Master Sergeant Juan E. Negrón (September 26, 1929 – March 29, 1996) was a member of the United States Army who served in the 65th Infantry Regiment during the Korean War. He was awarded a Distinguished Service Cross for his actions during combat in the Chinese Spring Offensive at Kalma-Eri, North Korea, on April 28, 1951, which was posthumously upgraded to the Medal of Honor in 2014.

Early life and military career
Juan E. Negrón Martínez  was born and raised in the town of Corozal, Puerto Rico. In March 1948, he entered the U.S. Army in San Juan and was assigned to the 65th Infantry Regiment.

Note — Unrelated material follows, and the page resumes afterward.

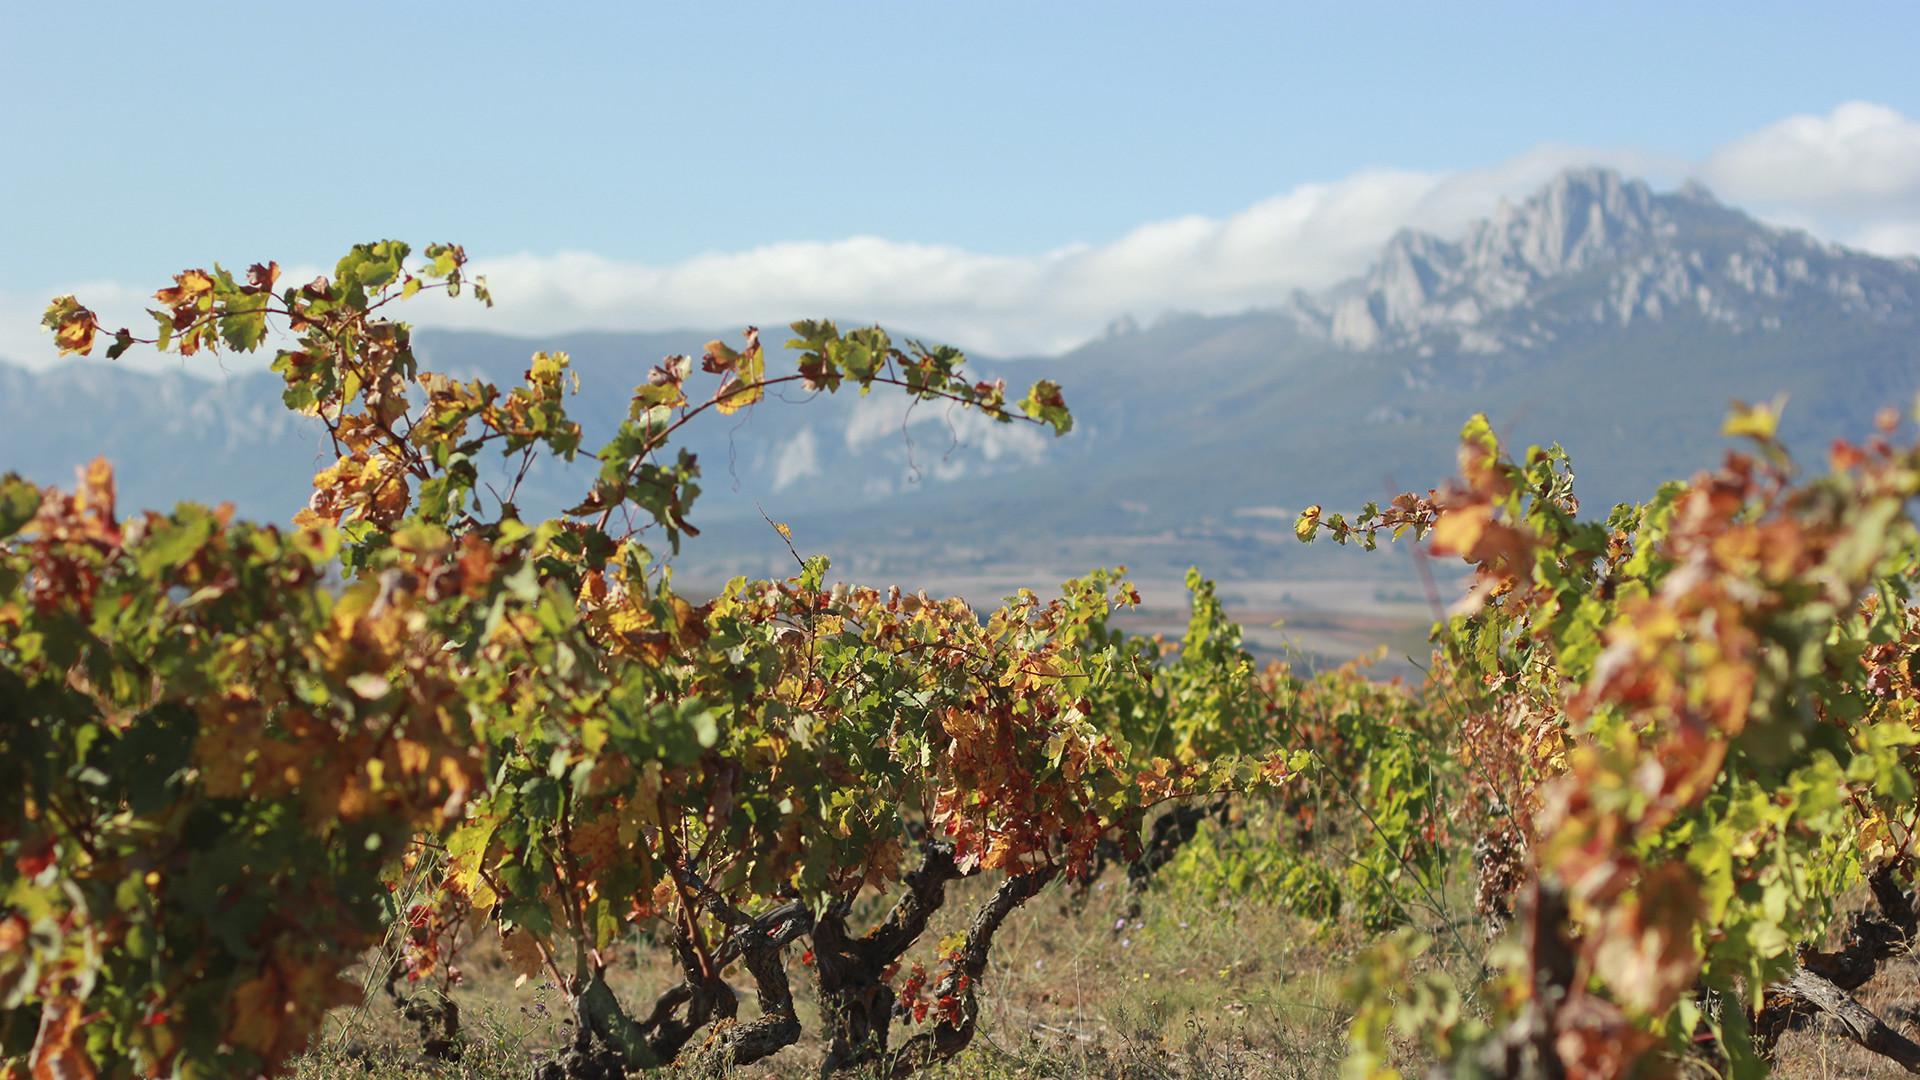 Artadi winery in Spain

Upon the outbreak of the Korean War, the men of the 65th, now attached to the Army's 3rd Infantry Division, deployed to the Republic of Korea. They were among the first infantrymen to meet the enemy on the battlefield. After November 1950, they fought daily against units of the Chinese People's Volunteer Army (PVA) after the Chinese entered the war on the North Korean side. One of the hardships suffered by the Puerto Ricans was the lack of warm clothing during the cold and harsh winters. Among the battles and operations in which the 65th participated was Operation Killer in January 1951, becoming the first regiment to cross the Han River in South Korea during the operation. In April 1951, the regiment participated in the Uijeonbu Corridor drives.

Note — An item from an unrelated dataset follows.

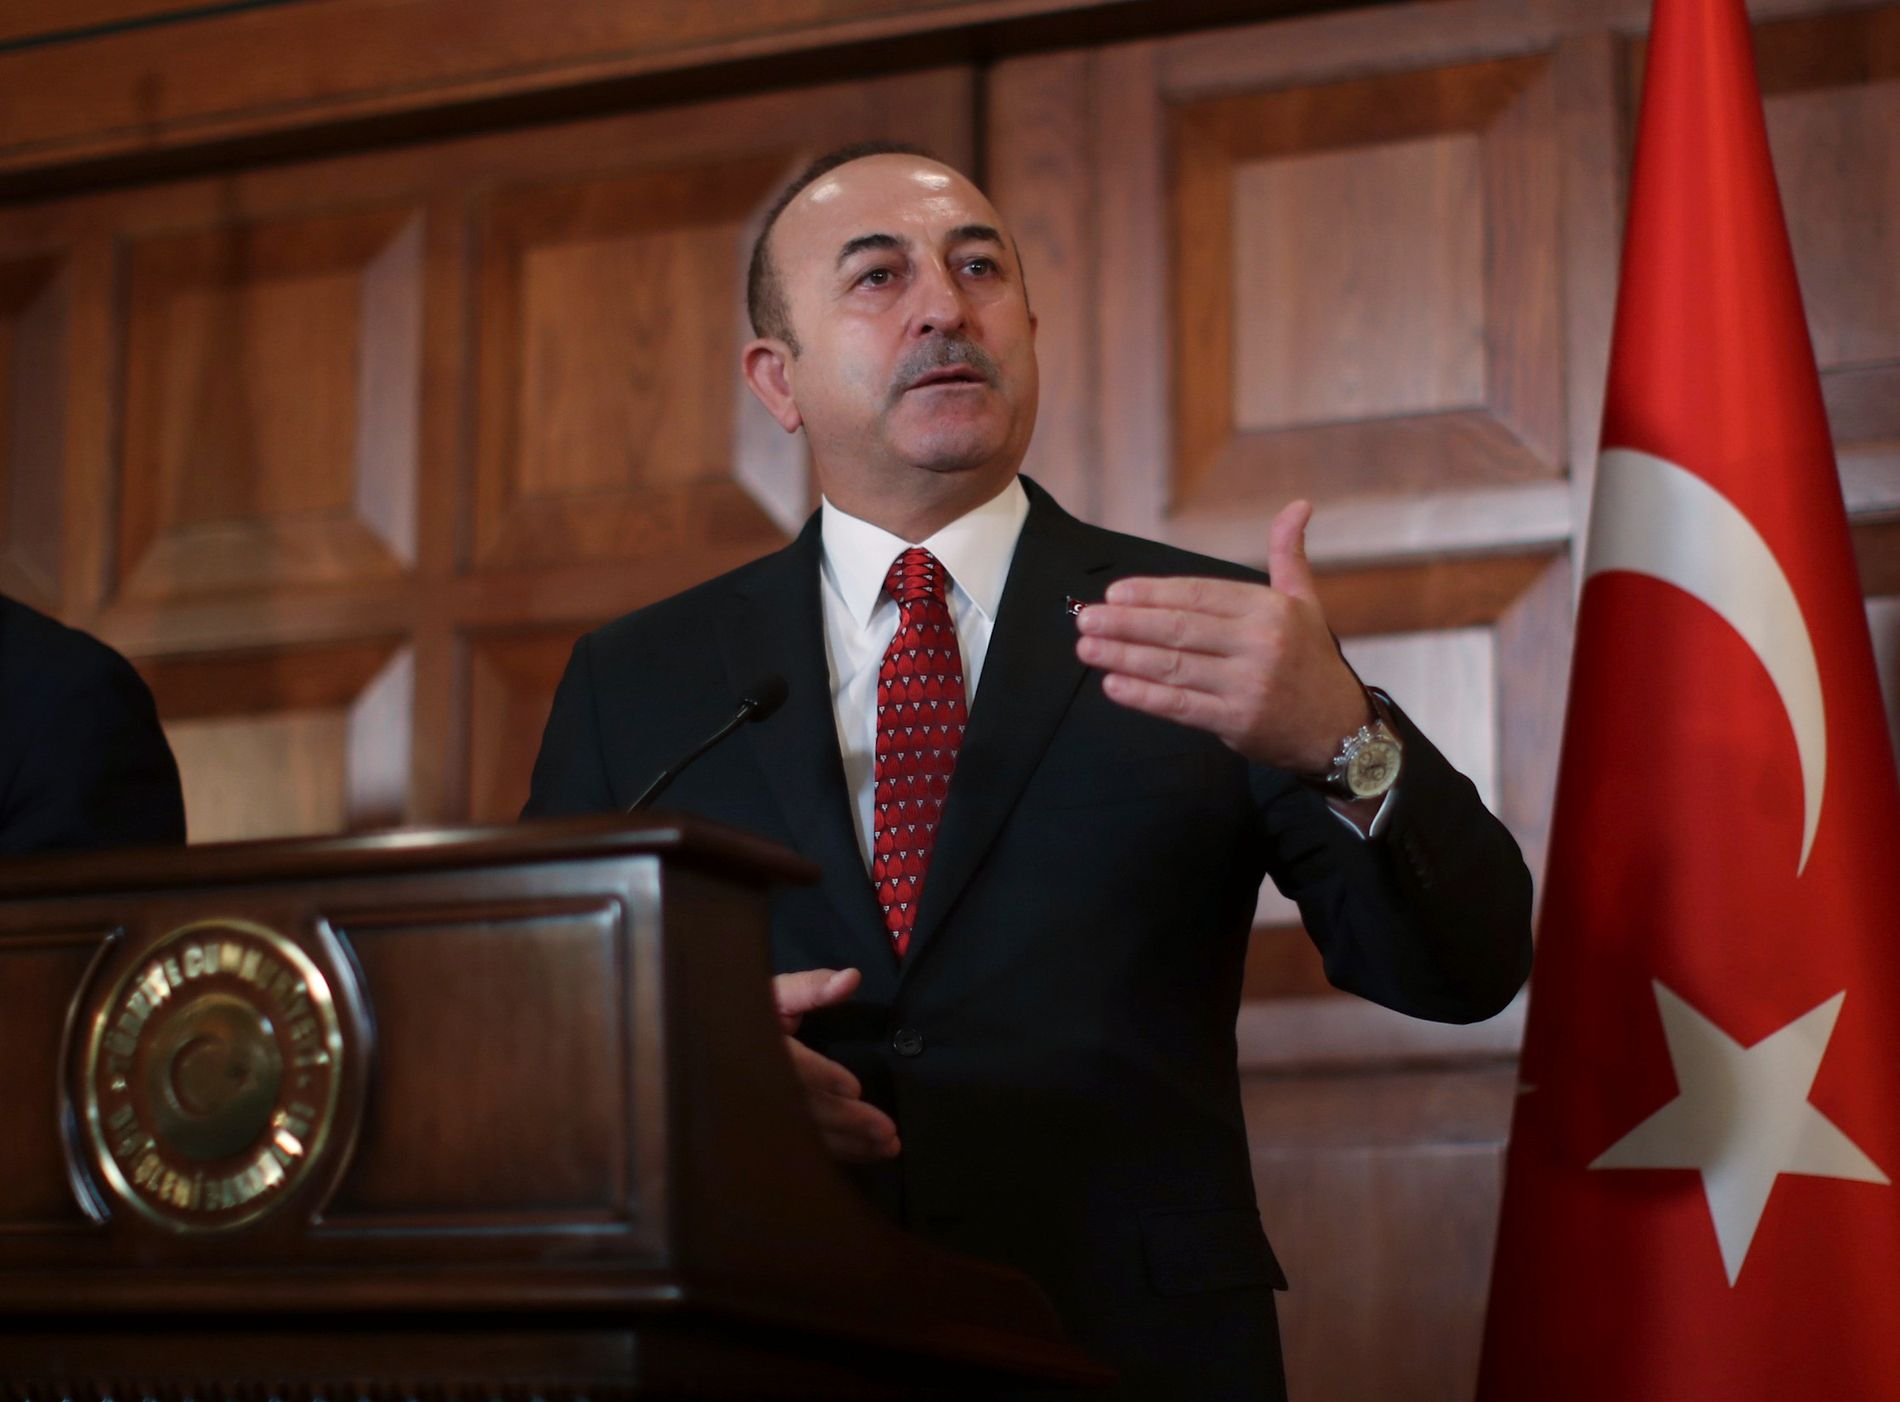 AVFEIER: Tyrkias utenriksminister Mevlüt Çavusoglu avfeier president Donald Trump, som sier at han vil knuse tyrkisk økonomi dersom tyrkerne angriper USAs kurdiske allierte i Syria.

On April 28, 1951, Negrón's unit came under heavy enemy attack. He was able to halt the enemy attack, despite the wounds which he received, by accurately throwing hand grenades at short range. For his actions, he was awarded the Distinguished Service Cross, the Army's second highest military decoration for heroism.

After the war, Negrón continued to serve in the military. Among the positions which he held were that of senior non-commissioned officer for the Directorate of Doctrine and inspector general in Thailand. Master Sergeant Negrón retired from the U.S. Army in 1971 after 23 years of service.

Later years
Upon his retirement, he entered the federal service in Bayamón, Puerto Rico.

On March 29, 1996, Negrón died in Bayamón, Puerto Rico. He was buried with military honors in plot J 0 3180 of the Puerto Rico National Cemetery located in the city of  Bayamon.

Honors
The Puerto Rico National Guard Readiness Center at Fort Buchanan, Puerto Rico will posthumously be named after Korean War Veteran and former member of the 65th Infantry Regiment and Medal of Honor recipient Master Sergeant Juan E. Negrón. A statue in honor of Master Sgt. Juan E. Negron is located in his hometown of Corozal, Puerto Rico.

Medal of Honor

Negron's distinguished Service Cross was upgraded to the Medal of Honor by President Barack Obama in a ceremony in the White House.

The award came through the National Defense Authorization Act which called for a review of Jewish American and Hispanic American veterans from World War II, the Korean War and the Vietnam War to ensure that no prejudice was shown to those deserving the Medal of Honor.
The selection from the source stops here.